Time-saver. I see Jimmy Wales is appealing again. Someone kindly give the man $2m.


----------



## DeepR (Apr 13, 2012)

PetrB said:


> The chorus in Scriabin's "Prometheus" is a tacked-on afterthought, singing only a few bars in the final cadence of the entire work: the work can be performed without it, as per the composer's direction in the score -- the chorus part is marked _'ad libitum'_.


Not just during the final few bars. The choir also sings for about a minute, just before and during the massive climax, where some of the "micro melodies" that were used throughout the piece fall into place. In fact, the most important moment of the piece. 
I'm glad the performance I went to used a choir, because it wouldn't be the same without it. An incredibly powerful experience I will never forget.
I haven't heard a performance where the choir wasn't used. Some conductors seem to rush through the choral part however, which is a shame.


----------



## PetrB (Feb 28, 2012)

The now cliche prototype of 'Epic' choral symphony is Mahler's Eighth.


----------



## Lisztian (Oct 10, 2011)

Il_Penseroso said:


> Oh my dear, I'm sure you ain't forget our favortie Liszt's Faust and Dante Symphonies.
> 
> How can I ever get away from the final male chorus in Faust:


Never! It's just that it was already listed on the wikipedia page. The Berlioz, a work I like, was not. But yes, both the Faust and Dante are favourites! For a while I wasn't that keen on the Faust, found it overlong and discursive. Not anymore, though. I think it's a masterpiece, and I agree with Leslie Howard who calls it one of the pinnacles of Liszt's achievement, along with the Piano Sonata and the oratorio Christus (I would also add the Annees de Pelerinage and the 'Gran' Mass).


----------



## Xaltotun (Sep 3, 2010)

Lisztian said:


> Berlioz' _Grande symphonie funèbre et triomphale_.

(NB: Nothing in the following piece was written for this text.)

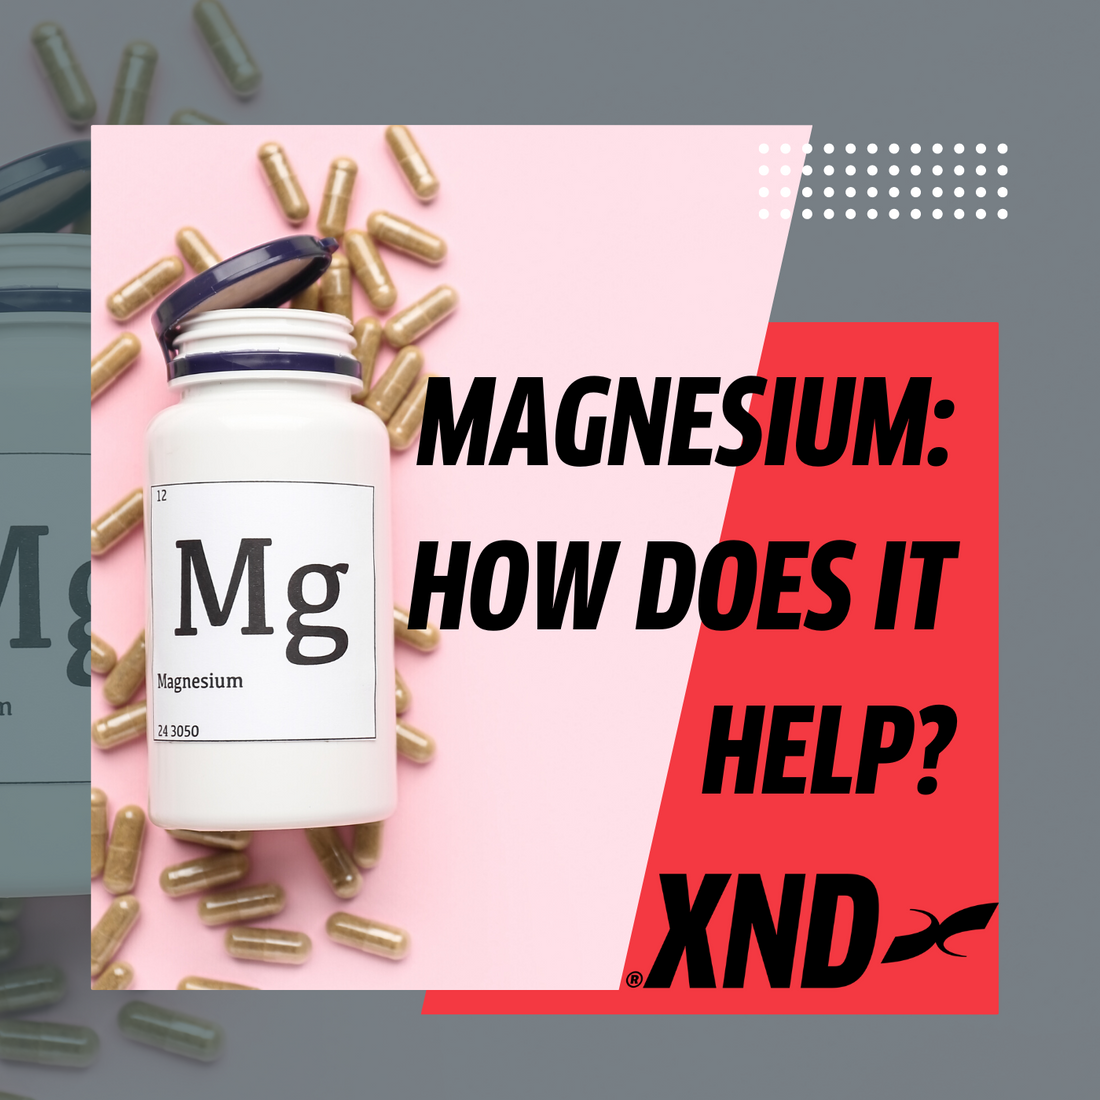 Magnesium - how does it help?

This is one ROUSING piece. Perhaps dead people aren't emotionally affected by it, but I'll suspect everyone else is!


----------



## DeepR (Apr 13, 2012)

I am going to Mahler 2 in two months, can't wait. 
I wish Scriabin's first would be performed somewhere, sometime, outside Russia, and not so far from where I live.


----------



## PetrB (Feb 28, 2012)

Symphonic, if not 'a symphony,' is Messiaen's _Trois petites liturgies de la présence divine_ for orchestra, female chorus, piano and Ondes Martinot.


----------



## Mahlerian (Nov 27, 2012)

Trois petites liturgies was the first piece by Messiaen that I heard. I have since listened to just about everything he wrote, and found my tastes expanded greatly because of it. I was also fortunate to get the chance to hear it live a few years ago.


----------